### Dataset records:
--------------------

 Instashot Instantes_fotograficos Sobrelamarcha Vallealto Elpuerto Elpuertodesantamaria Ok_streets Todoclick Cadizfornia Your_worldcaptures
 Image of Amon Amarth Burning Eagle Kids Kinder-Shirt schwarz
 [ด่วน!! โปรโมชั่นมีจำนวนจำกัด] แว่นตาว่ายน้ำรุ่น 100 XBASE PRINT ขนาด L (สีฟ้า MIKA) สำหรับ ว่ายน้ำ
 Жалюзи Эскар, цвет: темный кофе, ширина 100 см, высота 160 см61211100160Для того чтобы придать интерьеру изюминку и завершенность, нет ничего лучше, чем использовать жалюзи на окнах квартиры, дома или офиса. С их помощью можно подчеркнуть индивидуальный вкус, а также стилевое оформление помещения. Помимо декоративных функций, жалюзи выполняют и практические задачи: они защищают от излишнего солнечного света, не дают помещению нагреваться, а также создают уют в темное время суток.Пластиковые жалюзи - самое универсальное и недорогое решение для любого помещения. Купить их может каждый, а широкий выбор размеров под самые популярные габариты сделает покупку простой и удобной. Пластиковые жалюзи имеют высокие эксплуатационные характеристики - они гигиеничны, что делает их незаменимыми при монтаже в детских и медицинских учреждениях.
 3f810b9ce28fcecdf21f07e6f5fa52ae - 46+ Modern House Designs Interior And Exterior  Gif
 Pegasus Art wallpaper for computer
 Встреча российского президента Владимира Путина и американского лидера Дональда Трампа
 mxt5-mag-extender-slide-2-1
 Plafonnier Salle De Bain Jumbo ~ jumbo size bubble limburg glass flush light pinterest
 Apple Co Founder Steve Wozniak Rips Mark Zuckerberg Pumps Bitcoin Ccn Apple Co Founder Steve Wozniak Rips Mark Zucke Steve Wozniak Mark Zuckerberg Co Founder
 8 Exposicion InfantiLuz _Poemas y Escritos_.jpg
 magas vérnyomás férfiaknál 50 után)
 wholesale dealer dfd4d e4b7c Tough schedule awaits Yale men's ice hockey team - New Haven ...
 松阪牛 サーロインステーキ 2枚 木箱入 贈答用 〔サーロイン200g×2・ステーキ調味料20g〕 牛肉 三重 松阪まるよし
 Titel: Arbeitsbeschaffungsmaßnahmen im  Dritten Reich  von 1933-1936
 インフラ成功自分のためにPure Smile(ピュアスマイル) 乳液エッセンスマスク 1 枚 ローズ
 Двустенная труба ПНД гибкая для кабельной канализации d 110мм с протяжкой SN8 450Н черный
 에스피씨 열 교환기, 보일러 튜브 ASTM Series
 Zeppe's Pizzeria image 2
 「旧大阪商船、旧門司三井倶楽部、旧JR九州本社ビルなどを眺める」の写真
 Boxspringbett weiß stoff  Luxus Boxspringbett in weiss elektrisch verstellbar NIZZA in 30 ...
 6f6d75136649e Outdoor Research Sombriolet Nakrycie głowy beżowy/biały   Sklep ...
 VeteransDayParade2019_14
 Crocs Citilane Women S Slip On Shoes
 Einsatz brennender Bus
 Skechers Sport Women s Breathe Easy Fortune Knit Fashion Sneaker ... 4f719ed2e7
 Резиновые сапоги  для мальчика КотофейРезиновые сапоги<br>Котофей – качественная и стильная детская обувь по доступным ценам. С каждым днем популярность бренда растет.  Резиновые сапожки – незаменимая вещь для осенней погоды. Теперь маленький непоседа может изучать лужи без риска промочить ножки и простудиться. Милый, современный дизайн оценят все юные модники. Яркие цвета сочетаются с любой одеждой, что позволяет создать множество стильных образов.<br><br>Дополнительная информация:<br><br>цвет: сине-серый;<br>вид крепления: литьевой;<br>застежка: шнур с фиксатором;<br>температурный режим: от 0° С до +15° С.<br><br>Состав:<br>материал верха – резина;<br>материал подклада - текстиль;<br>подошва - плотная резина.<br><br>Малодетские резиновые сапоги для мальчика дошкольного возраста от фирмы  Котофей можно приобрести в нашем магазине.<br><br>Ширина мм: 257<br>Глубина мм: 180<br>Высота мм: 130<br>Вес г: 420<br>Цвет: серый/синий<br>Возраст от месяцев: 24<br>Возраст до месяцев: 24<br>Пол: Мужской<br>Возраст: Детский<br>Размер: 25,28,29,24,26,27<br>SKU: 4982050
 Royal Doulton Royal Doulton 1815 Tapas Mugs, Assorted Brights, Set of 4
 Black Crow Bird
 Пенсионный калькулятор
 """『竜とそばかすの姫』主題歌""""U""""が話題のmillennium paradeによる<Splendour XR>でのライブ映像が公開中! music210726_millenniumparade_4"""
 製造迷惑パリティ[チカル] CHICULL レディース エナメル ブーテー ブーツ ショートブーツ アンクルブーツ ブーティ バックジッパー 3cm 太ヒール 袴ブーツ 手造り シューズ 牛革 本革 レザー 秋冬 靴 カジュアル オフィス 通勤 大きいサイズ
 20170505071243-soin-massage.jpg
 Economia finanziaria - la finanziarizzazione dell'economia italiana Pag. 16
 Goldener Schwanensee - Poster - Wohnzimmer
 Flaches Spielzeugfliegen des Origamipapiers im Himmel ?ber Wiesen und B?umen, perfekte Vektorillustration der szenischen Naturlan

--------------------

Of the lines above, retype only those from the line containing "[ด่วน!! โปรโมชั่นมีจำนวนจำกัด] แว่นตาว่ายน้ำรุ่น" through the line containing "Zeppe's Pizzeria image 2", including both, exactly.

 [ด่วน!! โปรโมชั่นมีจำนวนจำกัด] แว่นตาว่ายน้ำรุ่น 100 XBASE PRINT ขนาด L (สีฟ้า MIKA) สำหรับ ว่ายน้ำ
 Жалюзи Эскар, цвет: темный кофе, ширина 100 см, высота 160 см61211100160Для того чтобы придать интерьеру изюминку и завершенность, нет ничего лучше, чем использовать жалюзи на окнах квартиры, дома или офиса. С их помощью можно подчеркнуть индивидуальный вкус, а также стилевое оформление помещения. Помимо декоративных функций, жалюзи выполняют и практические задачи: они защищают от излишнего солнечного света, не дают помещению нагреваться, а также создают уют в темное время суток.Пластиковые жалюзи - самое универсальное и недорогое решение для любого помещения. Купить их может каждый, а широкий выбор размеров под самые популярные габариты сделает покупку простой и удобной. Пластиковые жалюзи имеют высокие эксплуатационные характеристики - они гигиеничны, что делает их незаменимыми при монтаже в детских и медицинских учреждениях.
 3f810b9ce28fcecdf21f07e6f5fa52ae - 46+ Modern House Designs Interior And Exterior  Gif
 Pegasus Art wallpaper for computer
 Встреча российского президента Владимира Путина и американского лидера Дональда Трампа
 mxt5-mag-extender-slide-2-1
 Plafonnier Salle De Bain Jumbo ~ jumbo size bubble limburg glass flush light pinterest
 Apple Co Founder Steve Wozniak Rips Mark Zuckerberg Pumps Bitcoin Ccn Apple Co Founder Steve Wozniak Rips Mark Zucke Steve Wozniak Mark Zuckerberg Co Founder
 8 Exposicion InfantiLuz _Poemas y Escritos_.jpg
 magas vérnyomás férfiaknál 50 után)
 wholesale dealer dfd4d e4b7c Tough schedule awaits Yale men's ice hockey team - New Haven ...
 松阪牛 サーロインステーキ 2枚 木箱入 贈答用 〔サーロイン200g×2・ステーキ調味料20g〕 牛肉 三重 松阪まるよし
 Titel: Arbeitsbeschaffungsmaßnahmen im  Dritten Reich  von 1933-1936
 インフラ成功自分のためにPure Smile(ピュアスマイル) 乳液エッセンスマスク 1 枚 ローズ
 Двустенная труба ПНД гибкая для кабельной канализации d 110мм с протяжкой SN8 450Н черный
 에스피씨 열 교환기, 보일러 튜브 ASTM Series
 Zeppe's Pizzeria image 2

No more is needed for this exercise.